Kafka forces you to choose between “can’t scale past N consumers” or “pay massive overhead forever”. This is a real architectural limitation, not just an implementation detail.

2. Garbage Collection of Old Messages Can Break Correctness

Kafka will eventually delete or compact data. Full-stop.

With time-based or size-based retention, messages disappear even if a consumer is down for weeks. With log compaction, only the latest value per key is kept. If your logic is stateful and requires every event (e.g. “user changed plan from Basic → Pro → Enterprise”), compaction silently drops history, and you get wrong results with no warning.

The paper correctly notes that compaction defers, but does not eliminate, message loss. There is no built-in signal when data a consumer needed has been cleaned up.

3. The Log Is Not Queryable

Kafka topics are append-only logs. We cannot run ad hoc SQL queries like “What is the current state of user 12345?” or “Give me all events for key X in the last hour” without external indexing (Kafka Streams state stores, ksqlDB, external databases, etc.).

For many stateful replication or cache-invalidation use cases, we end up bolting on RocksDB state stores or external databases anyway, which is exactly what the paper says we should do from the beginning.

4. Ordering Anomalies in Multi-Key Transactions

When replicating from a source database, Kafka can only guarantee order per partition. Cross-partition (i.e., cross-row) transactions can be reordered or applied with snapshot inconsistencies. The source database is the authority on transaction order and atomicity. The pub/sub intermediary should not introduce a new partial order.

This is a real problem for point-in-time consistent replication.

Where I Disagree: Not All Limitations Are Fundamental

Several criticisms in the paper are real pain points, but they are manageable or acceptable trade-offs rather than fatal flaws.

1. “Backlogs are indistinguishable from outages.”

The paper claims that because messages are delivered approximately in order, a huge backlog looks like silence. This is misleading. Kafka exposes end-to-end lag metrics (consumer lag = current log end offset − consumer offset) per partition with sub-second granularity. Every mature team monitors lag, sets alerts at the 1-hour or 6-hour mark, and distinguishes “slow” from “dead” easily.

The issue could be organizational if the instrumentation is not done properly. But it’s not Kafka’s fault.

2. “Long consumer downtime → huge backlog → cache invalidation takes hours”

The paper gives a real horror story of a consumer down for days, leading to hours of catch-up. Yes, that could happen. But for cache invalidation, the correct mitigation is log compaction + key-based topics.
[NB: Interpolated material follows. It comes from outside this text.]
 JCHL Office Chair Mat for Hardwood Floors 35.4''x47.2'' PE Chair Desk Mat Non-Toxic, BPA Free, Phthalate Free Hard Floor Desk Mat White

If invalidation messages are “invalidate key X” or “new version of key X is V”, compaction means the backlog collapses to just the latest version per key. Catch-up becomes O(# distinct keys), not O(# events).
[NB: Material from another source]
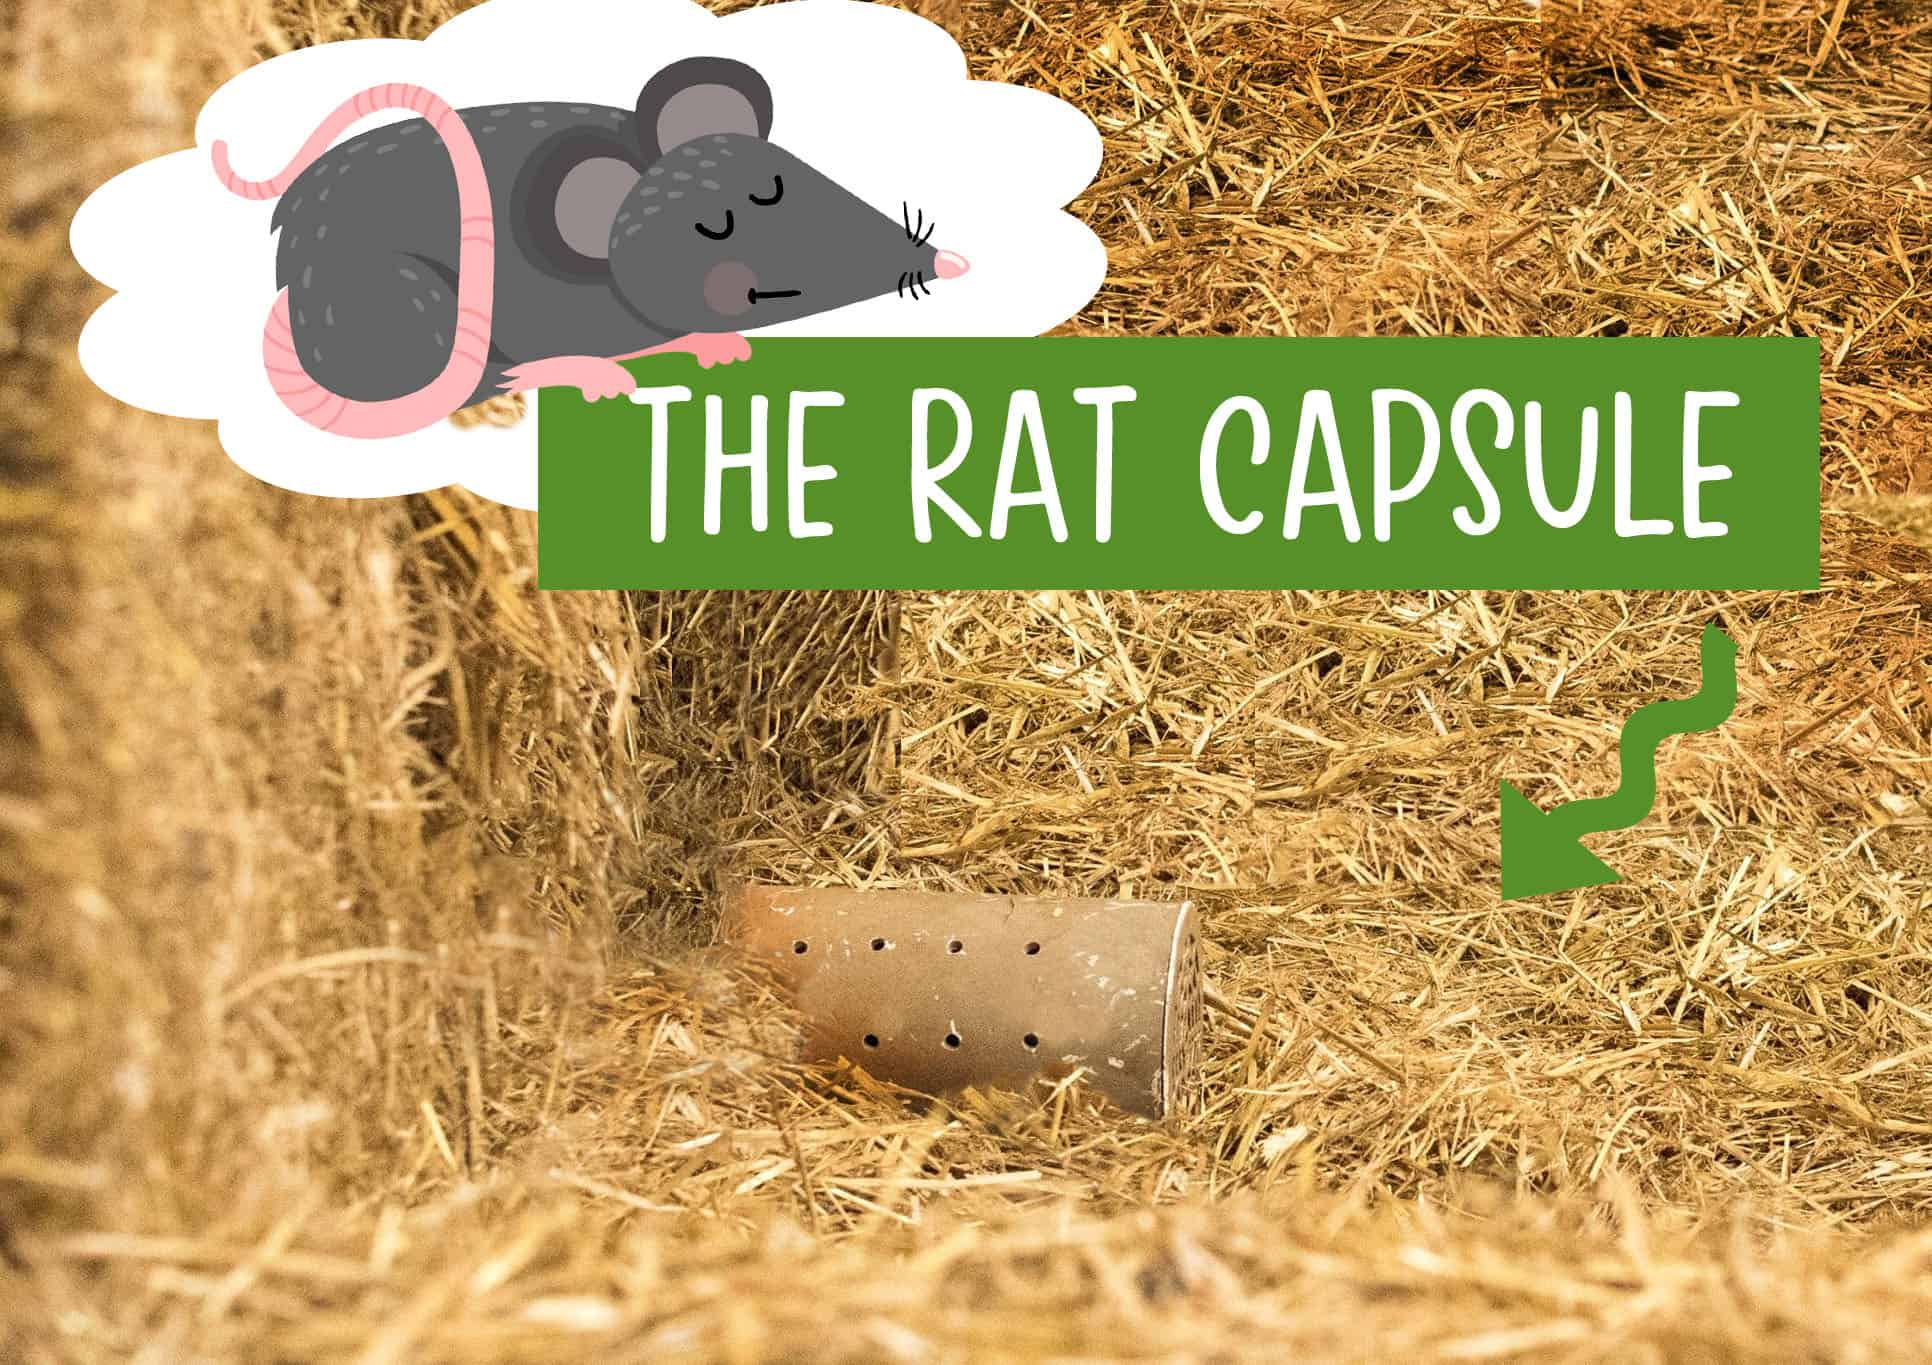 shiba inu barn hunt rat capsule

3. “Data eventually gets garbage-collected, causing correctness loss.”

Only if we treat Kafka as a source of truth with infinite history. For the majority of real-time use cases like clickstream, metrics, tracing, audit logs, and sensor data, the value of an event older than a few days is near zero. Stale data is not just useless, it’s harmful (in terms of storage cost, processing cost, and noise). Accepting bounded retention is a feature, not a bug, for these workloads.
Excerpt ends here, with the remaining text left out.